Como no tenía una llave de nuestro nuevo y lujoso hogar en la calle Mount, tuve que llamar al timbre. Fiona me abrió la puerta; llevaba puesto un delantal blanco de chef sobre un suéter de color azul cobalto muy vivo con escote en forma de uve y una falda plisada azul oscuro. Calzaba zapatillas, y llevaba el pelo prendido hacia atrás en un peinado severo que yo le había visto emplear cuando trabajaba en Berlín Oriental. Pero ahí acababa el parecido con la mujer que había tenido ocasión de ver en su despacho comunista, porque aquella noche Fiona estaba radiante y rebosante de gozo.
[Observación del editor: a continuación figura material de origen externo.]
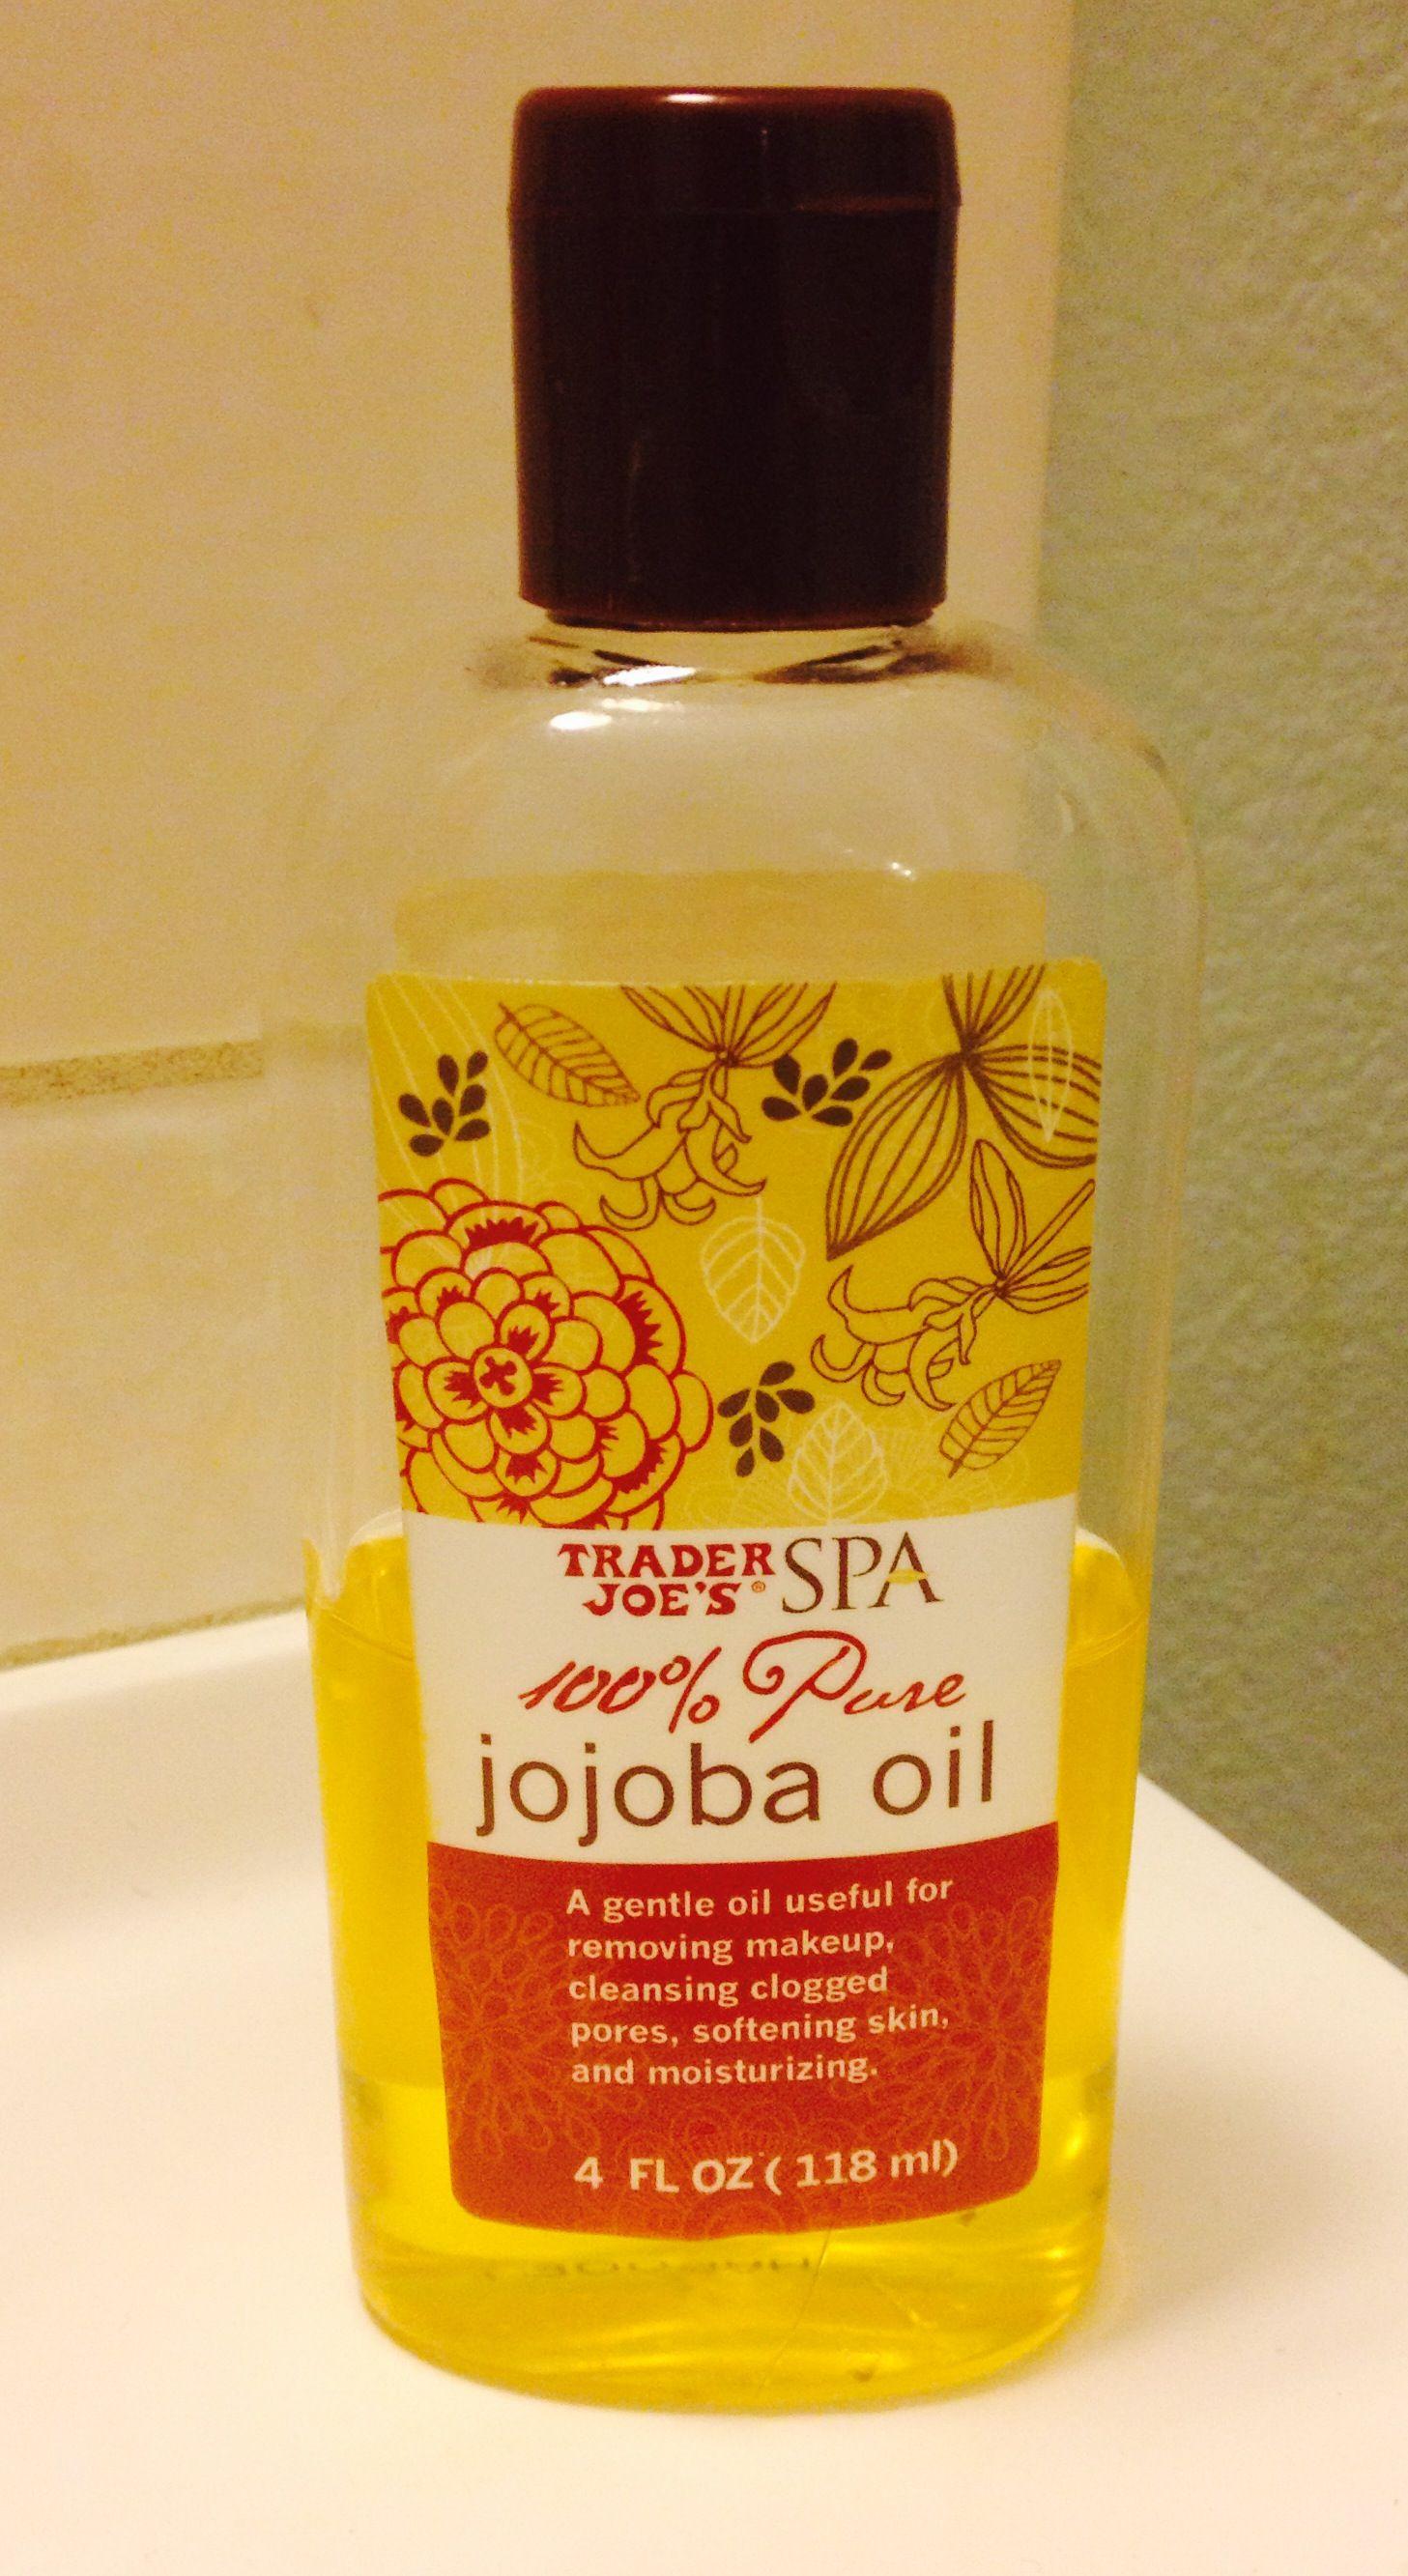 Jojoba oil - Benefits of jojoba oil on hair and skin

—Es realmente una delicia, Bernard —me dijo—. Una pura delicia. Dos plantas. Se me habían olvidado las habitaciones del piso de arriba. Es enorme.

Nos abrazamos y nos besamos.

—Te he echado de menos —le dije.

Sabía que Fiona se había fijado en las magulladuras de mi cara, pero no hizo ningún comentario. Ella sabía que yo hablaría de ello cuando me sintiera dispuesto a hacerlo; nos comprendíamos muy bien.

—Tenía muchas ganas de que nos sentáramos a cenar juntos —me confió—. Aunque probablemente habrás cenado en el avión.

—¿A qué huelo? ¿No es a ossobuco?

Colgué el abrigo en una percha y miré nuestro nuevo hogar.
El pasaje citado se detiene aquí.